EXTRACTED RECORDS section start

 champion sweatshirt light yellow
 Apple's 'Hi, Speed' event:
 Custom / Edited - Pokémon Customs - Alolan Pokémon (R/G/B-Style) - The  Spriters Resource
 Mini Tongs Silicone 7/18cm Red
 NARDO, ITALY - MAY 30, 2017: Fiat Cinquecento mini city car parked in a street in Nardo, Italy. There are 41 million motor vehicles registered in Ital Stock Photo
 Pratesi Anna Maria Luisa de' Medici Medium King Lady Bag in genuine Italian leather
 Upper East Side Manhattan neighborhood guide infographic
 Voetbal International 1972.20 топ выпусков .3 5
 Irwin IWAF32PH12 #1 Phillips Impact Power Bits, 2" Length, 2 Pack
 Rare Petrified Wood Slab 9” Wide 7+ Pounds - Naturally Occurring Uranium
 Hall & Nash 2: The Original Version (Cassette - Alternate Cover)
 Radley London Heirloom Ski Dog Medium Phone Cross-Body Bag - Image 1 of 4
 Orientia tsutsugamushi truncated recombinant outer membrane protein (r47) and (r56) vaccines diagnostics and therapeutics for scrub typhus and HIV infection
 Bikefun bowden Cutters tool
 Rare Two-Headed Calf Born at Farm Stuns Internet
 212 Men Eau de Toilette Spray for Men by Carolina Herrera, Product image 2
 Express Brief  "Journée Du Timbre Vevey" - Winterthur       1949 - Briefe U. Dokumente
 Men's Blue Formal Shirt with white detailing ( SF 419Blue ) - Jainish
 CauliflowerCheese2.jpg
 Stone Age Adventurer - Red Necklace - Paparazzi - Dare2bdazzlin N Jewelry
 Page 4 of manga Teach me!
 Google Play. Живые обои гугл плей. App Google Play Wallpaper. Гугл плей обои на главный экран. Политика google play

EXTRACTED RECORDS section end

_TASK GOAL_
Reprint the entries above in full, exactly as they are.

_TASK ANSWER_
 champion sweatshirt light yellow
 Apple's 'Hi, Speed' event:
 Custom / Edited - Pokémon Customs - Alolan Pokémon (R/G/B-Style) - The  Spriters Resource
 Mini Tongs Silicone 7/18cm Red
 NARDO, ITALY - MAY 30, 2017: Fiat Cinquecento mini city car parked in a street in Nardo, Italy. There are 41 million motor vehicles registered in Ital Stock Photo
 Pratesi Anna Maria Luisa de' Medici Medium King Lady Bag in genuine Italian leather
 Upper East Side Manhattan neighborhood guide infographic
 Voetbal International 1972.20 топ выпусков .3 5
 Irwin IWAF32PH12 #1 Phillips Impact Power Bits, 2" Length, 2 Pack
 Rare Petrified Wood Slab 9” Wide 7+ Pounds - Naturally Occurring Uranium
 Hall & Nash 2: The Original Version (Cassette - Alternate Cover)
 Radley London Heirloom Ski Dog Medium Phone Cross-Body Bag - Image 1 of 4
 Orientia tsutsugamushi truncated recombinant outer membrane protein (r47) and (r56) vaccines diagnostics and therapeutics for scrub typhus and HIV infection
 Bikefun bowden Cutters tool
 Rare Two-Headed Calf Born at Farm Stuns Internet
 212 Men Eau de Toilette Spray for Men by Carolina Herrera, Product image 2
 Express Brief  "Journée Du Timbre Vevey" - Winterthur       1949 - Briefe U. Dokumente
 Men's Blue Formal Shirt with white detailing ( SF 419Blue ) - Jainish
 CauliflowerCheese2.jpg
 Stone Age Adventurer - Red Necklace - Paparazzi - Dare2bdazzlin N Jewelry
 Page 4 of manga Teach me!
 Google Play. Живые обои гугл плей. App Google Play Wallpaper. Гугл плей обои на главный экран. Политика google play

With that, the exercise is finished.